In case your gastroenterologist treats patients with Crohn's disease (ileitis or regional enteritis), you are required to be very alert to look at diagnosis, management, as well as the treatment to correctly report your physician's care. Here is a quick medical coding and billing refresher to help guide your Crohn's disease CPT and ICD-9 coding. Usage of Consult Codes for Initial Visits
In most cases, a patient with Crohn's disease will typically present to your gastroenterologist's practice as a referral patient from their primary care physician. In case documentation states that the aim of the visit is for an opinion or advice about the patient's condition, then use consultation codes correct for the place of service. This initial visit must be considered as a consultation and must be reported using correct consultation codes 99241-99245 (Office consultation for a new or established patient... ). CPT and ICD-9 Update: Starting from Jan. 1, 2010, Medicare stopped recognizing consultation codes. They need novel patient or established patient visits to be reported for the accurate place of service. CPT and ICD-9 Coding Tip: Look for Symptoms Indicative of Crohn's Disease
Symptoms of Crohn's disease can contain chronic diarrhea (787.91, Diarrhea), chronic severe lower abdominal pain (789.0, Abdominal pain), blood in stools (578.1, Blood in stool), chronic nausea including or excluding vomiting (787.0, Nausea and vomiting), and weight loss. Signs and symptoms must be reported until Crohn's disease is established. Report Tests Conducted for Diagnosis
Your gastroenterologist might order numerous tests to confirm a diagnosis of Crohn's disease (555, Regional enteritis) prior to initiating any management of the condition. Your gastroenterologist might order simple blood tests to check for ESR and WBC counts.

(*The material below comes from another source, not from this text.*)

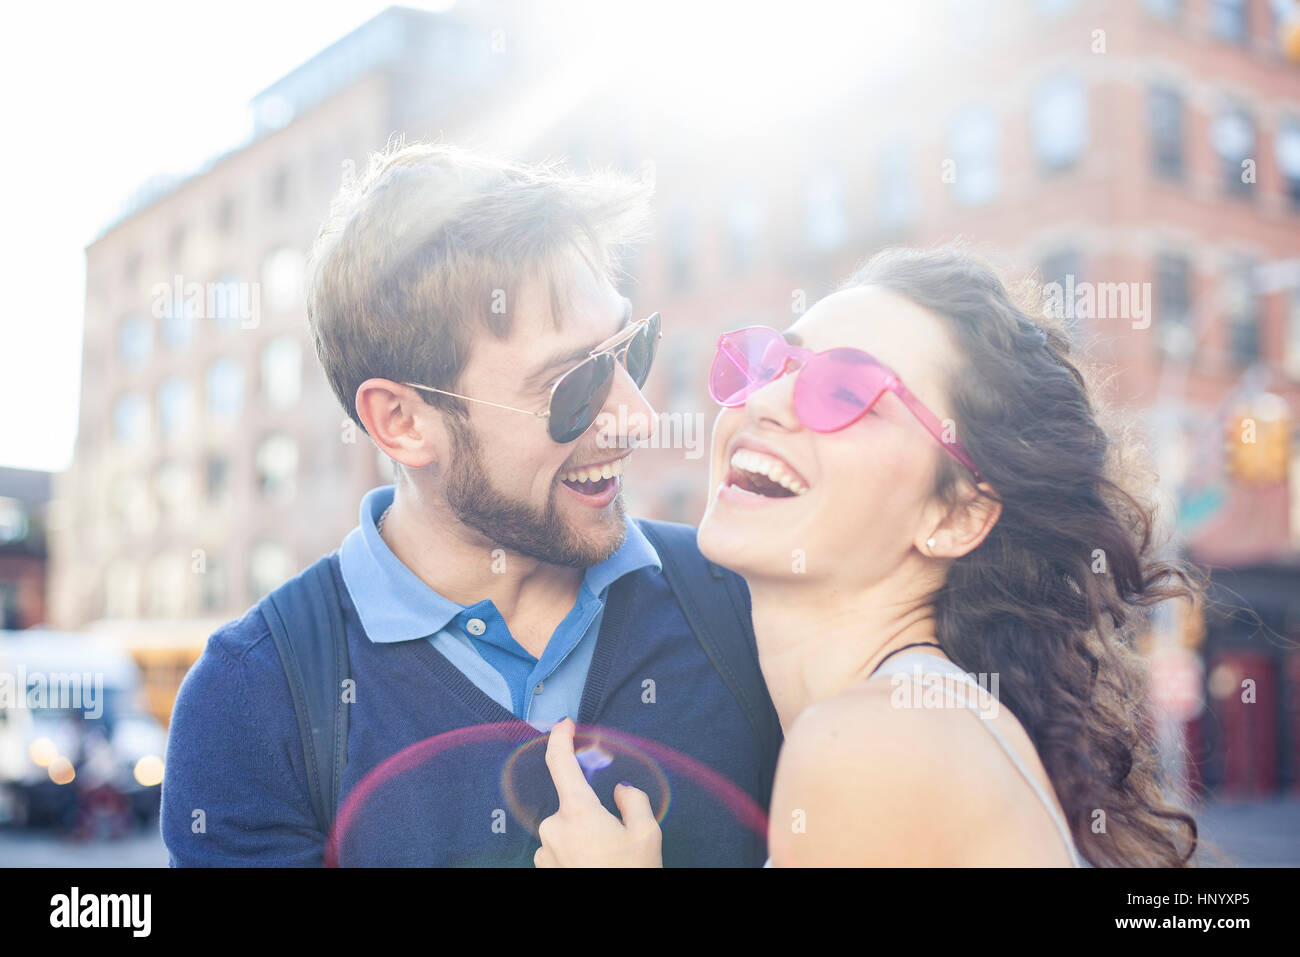 Couple laughing together outdoors Stock Photo
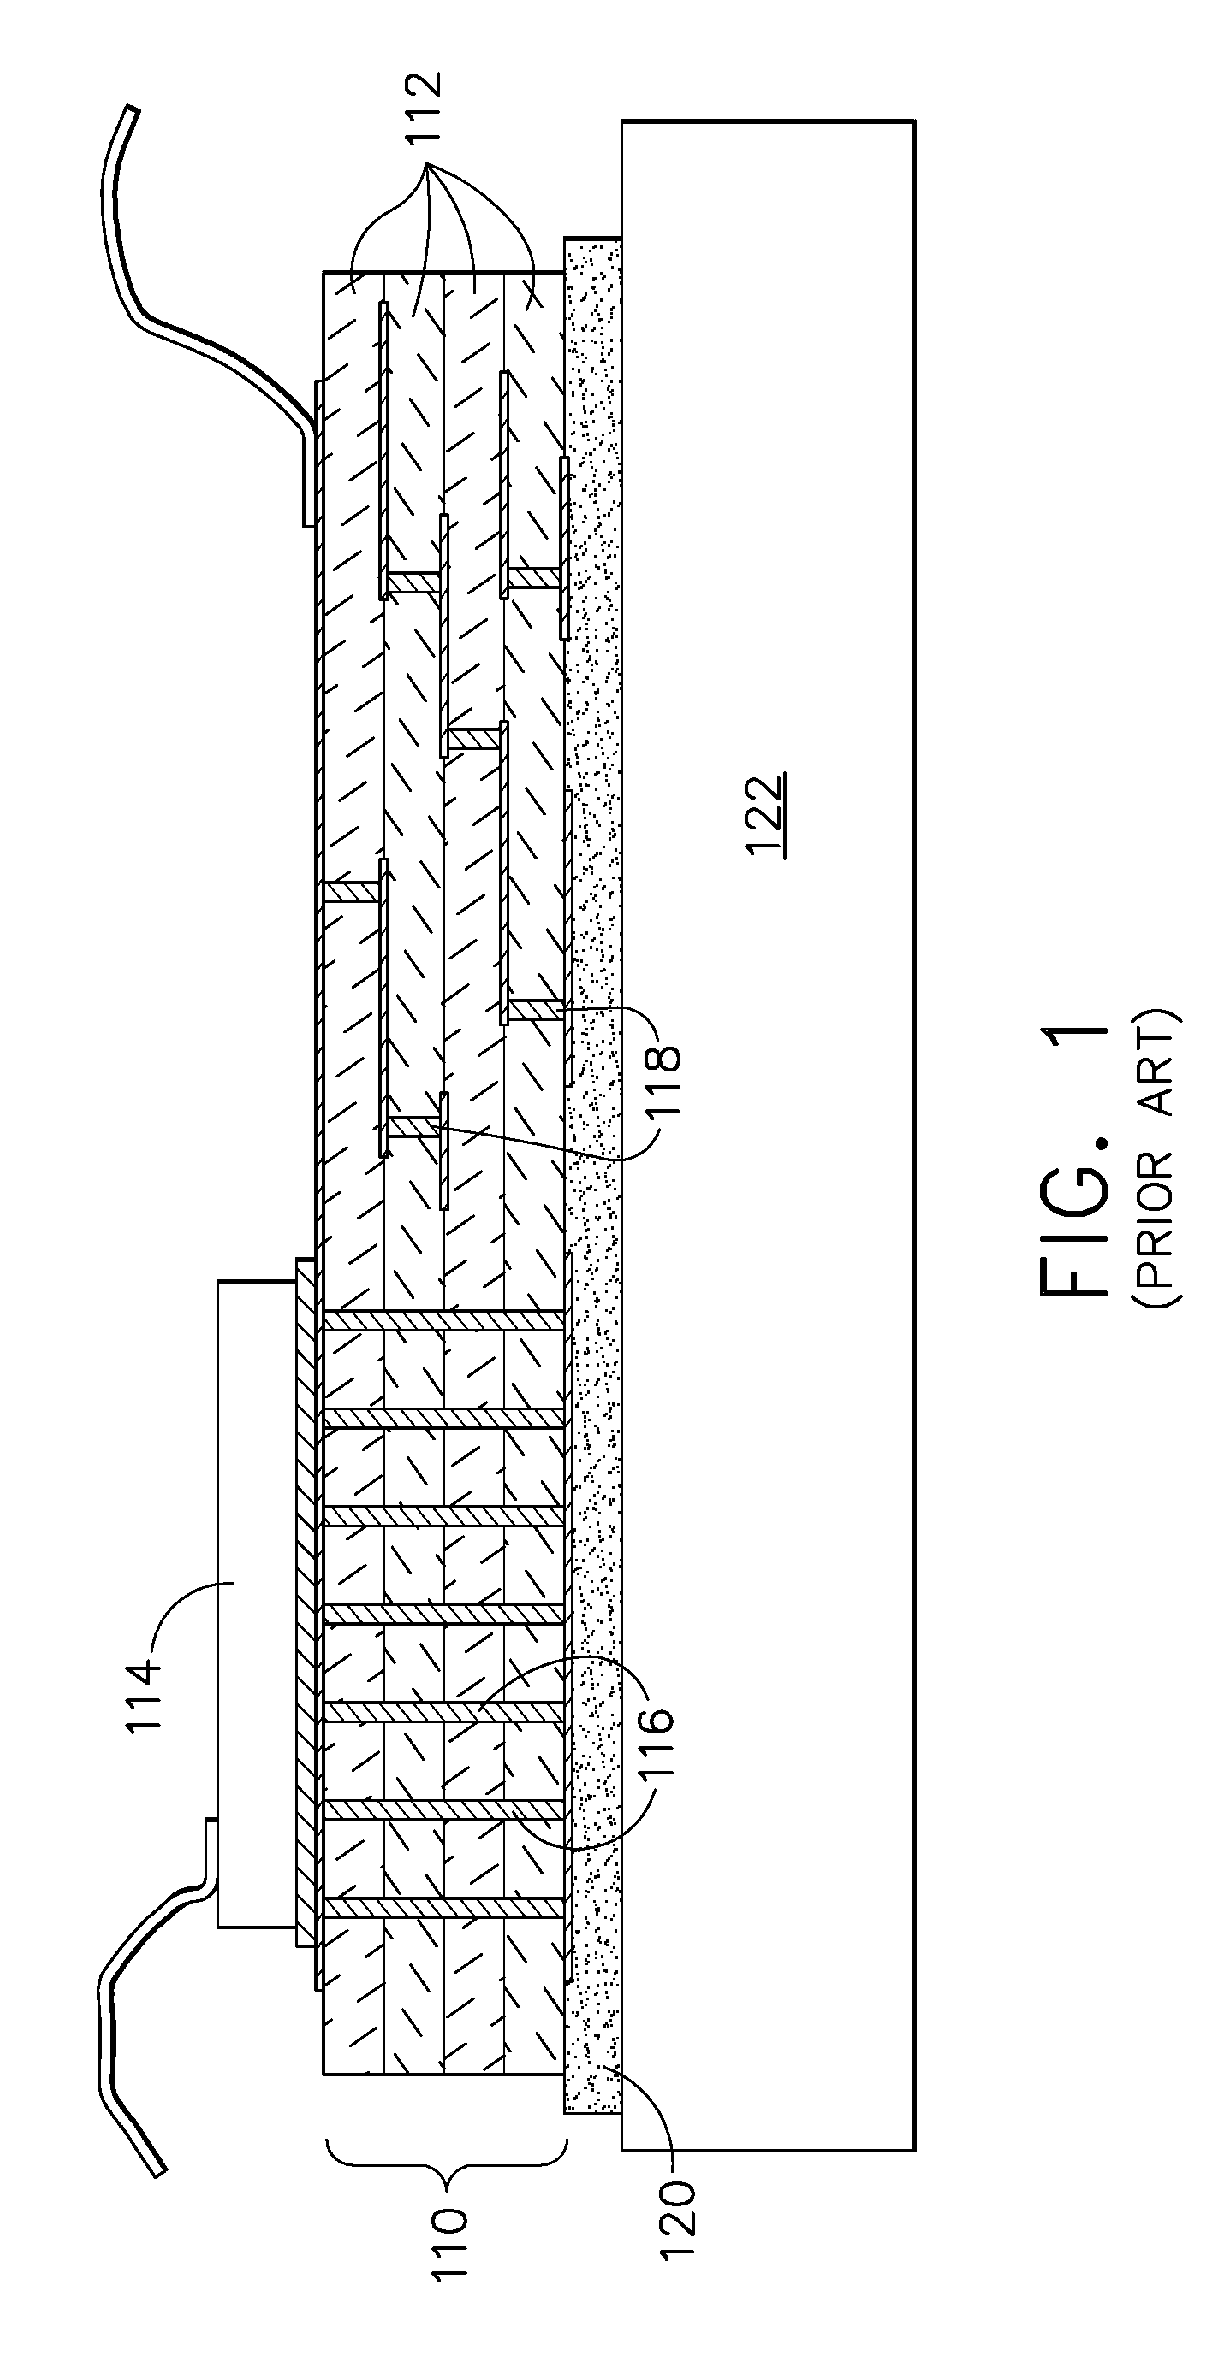 Thermal management of surface-mount circuit devices

Moreover, your gastroenterologist might also gather a guaiac-based fecal-occult blood test (FOBT) (82270, Blood, occult, by peroxidase activity [e.g., guaiac], qualitative; feces, consecutive collected specimens with single determination.) as this test is very helpful thinking that the sensitivity levels revealed to lower bowel bleeding. Medical Coding and Billing Tip: Guaiac based FOBT are not at all times ordered on patients. In case the patient only has anemia, your physicians might order the test. If the result is positive, the succeeding step could be endoscopy. Though, in case the patient has iron deficiency anemia or further signs of GI bleeding, we go straight to endoscopy. Only because the FOBT shows negative, it doesn't imply that the patient doesn't have Crohn's. CPT and ICD-9 Expert Coding Advice: Identify Colonoscopy Work
Another diagnostic measure that your gastroenterologist will carry out is a colonoscopy to check for signs of bleeding as well as inflammation. You can report this procedure with 45378 (Colonoscopy, flexible, proximal to splenic flexure; diagnostic, with or without collection of specimen[s] by brushing or washing, with or without colon decompression [separate procedure]).